Material shown Block Start
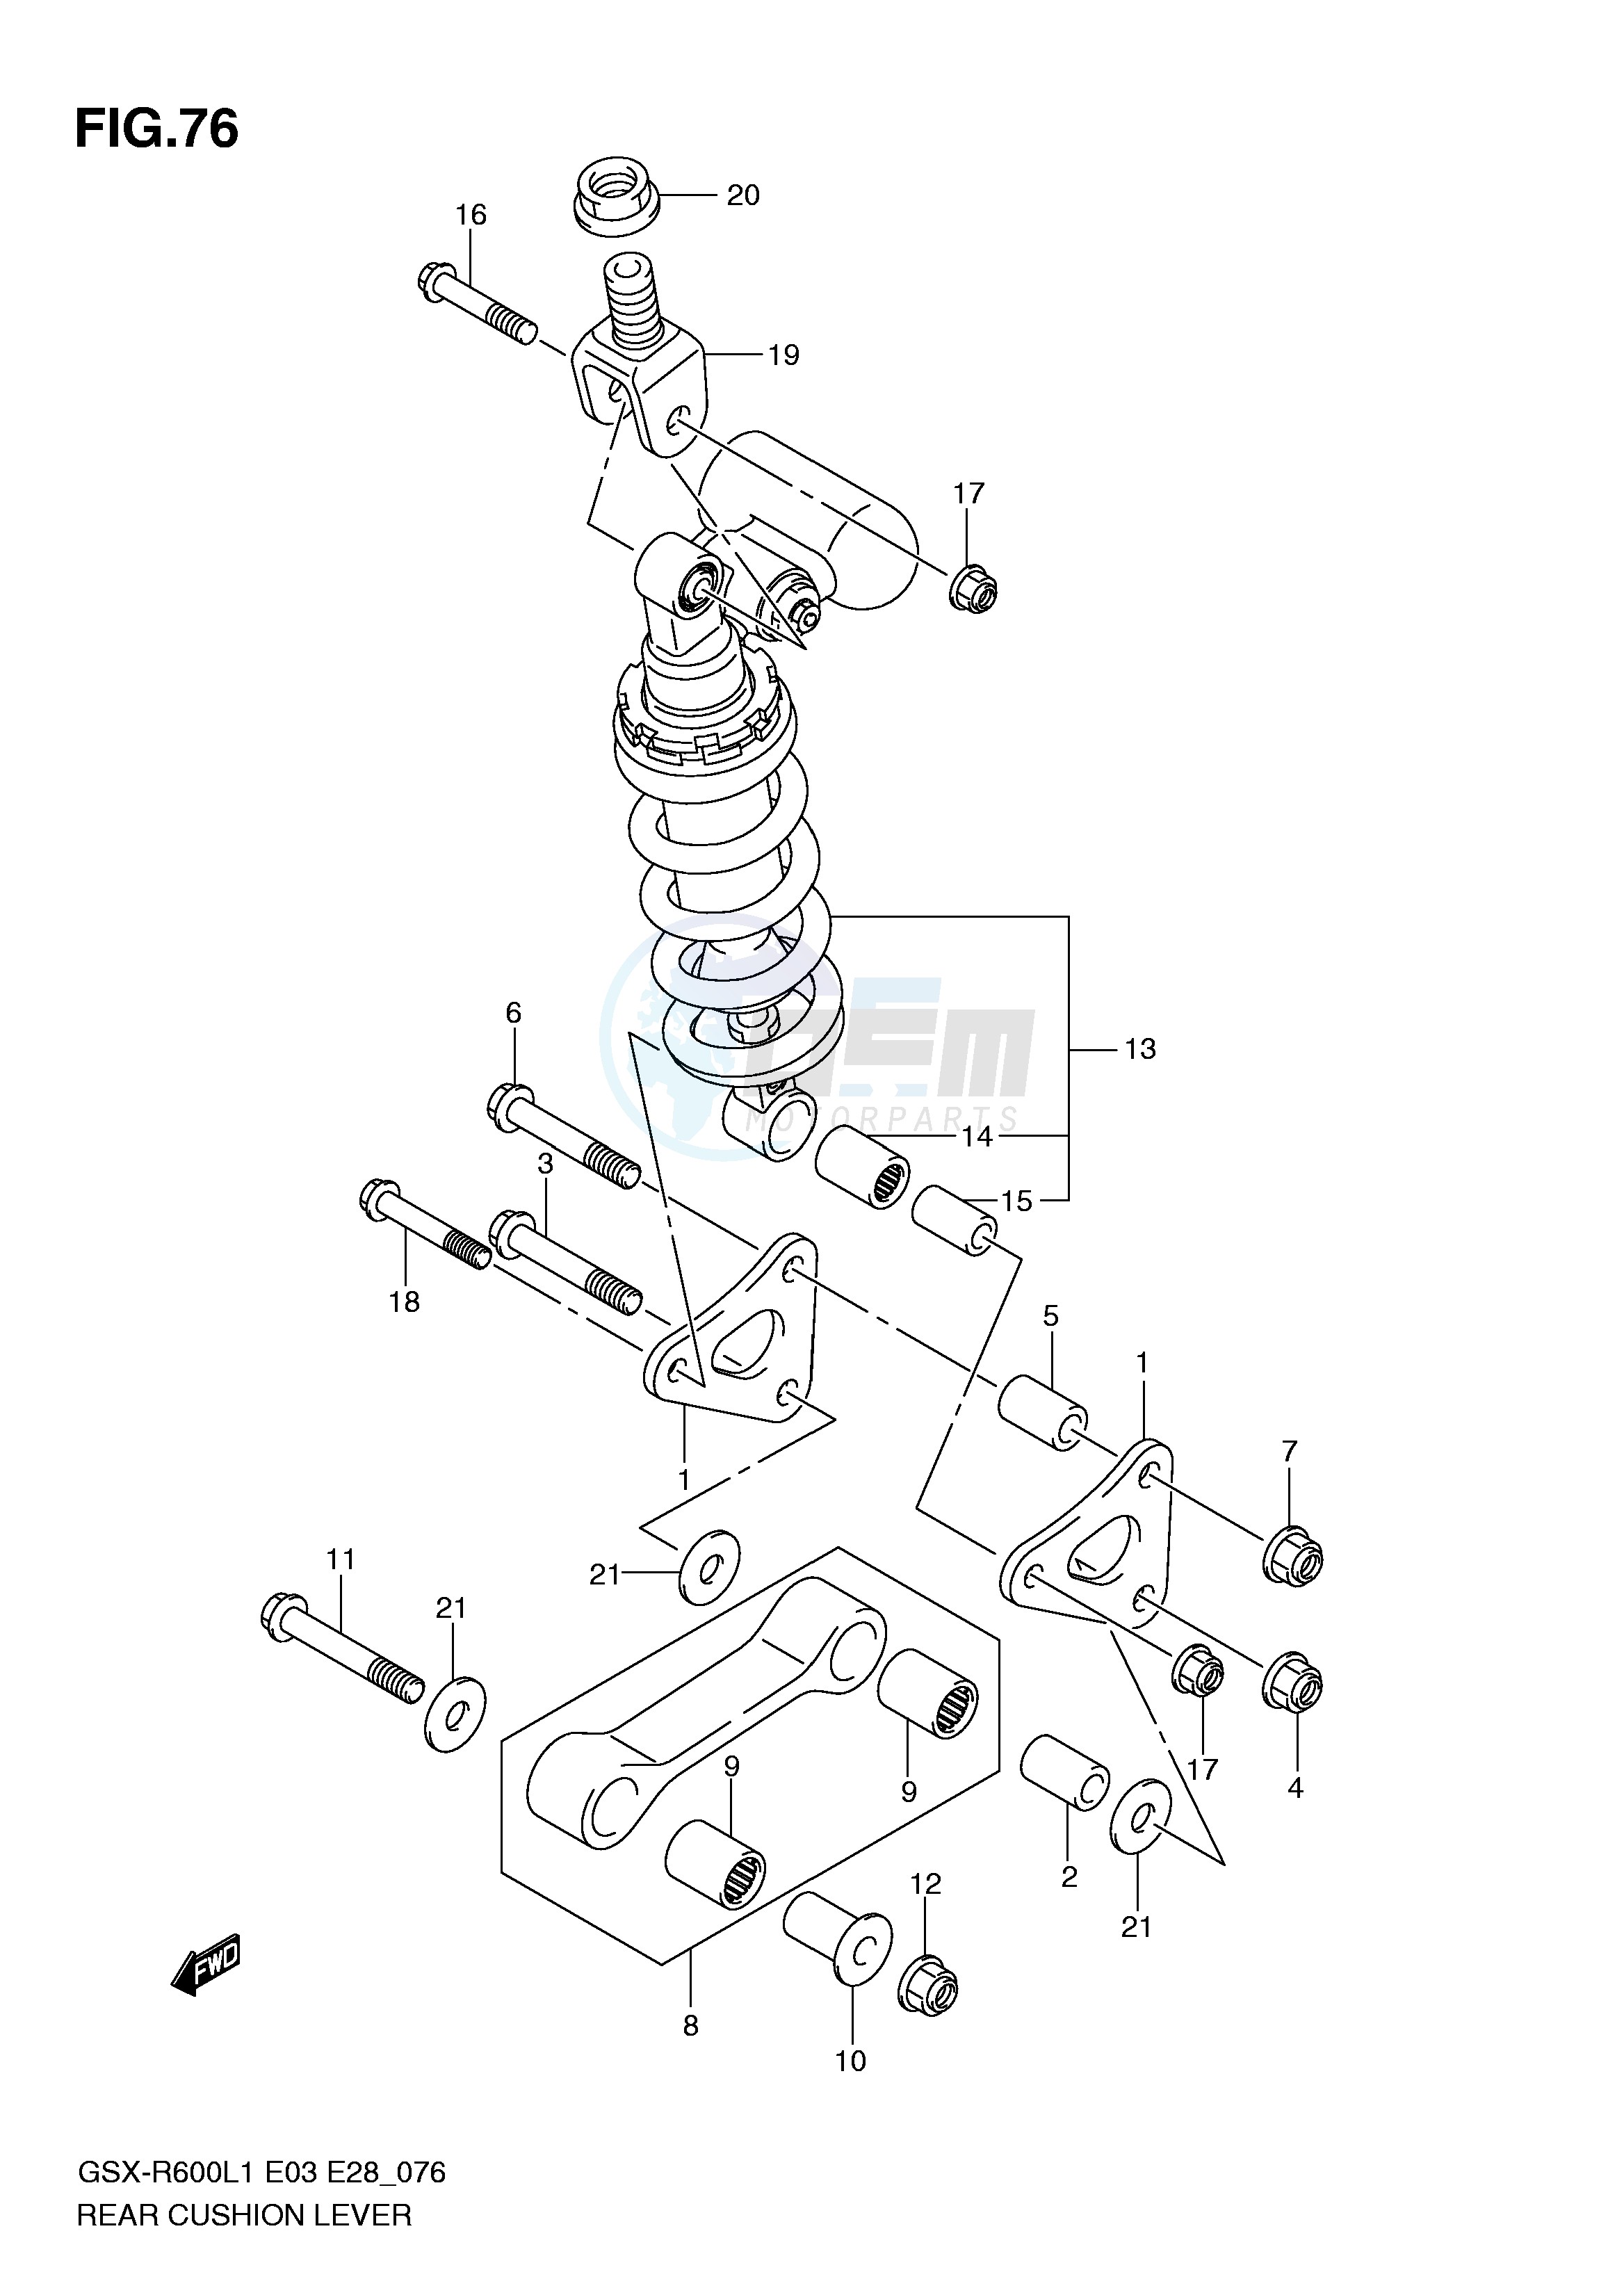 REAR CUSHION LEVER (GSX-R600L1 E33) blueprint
Material shown Block End
Material shown Block Start
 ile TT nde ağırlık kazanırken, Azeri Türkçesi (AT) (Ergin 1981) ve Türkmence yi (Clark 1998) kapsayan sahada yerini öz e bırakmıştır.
Material shown Block End
Material shown Block Start
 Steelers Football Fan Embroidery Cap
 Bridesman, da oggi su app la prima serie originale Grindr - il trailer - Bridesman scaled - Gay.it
Material shown Block End
Prompt: Find the line with "Steelers Football Fan Embroidery Cap" in the material above. Reproduce it and each line after it up to and including the line with "Bridesman, da oggi".

Exercise answer:
 Steelers Football Fan Embroidery Cap
 Bridesman, da oggi su app la prima serie originale Grindr - il trailer - Bridesman scaled - Gay.it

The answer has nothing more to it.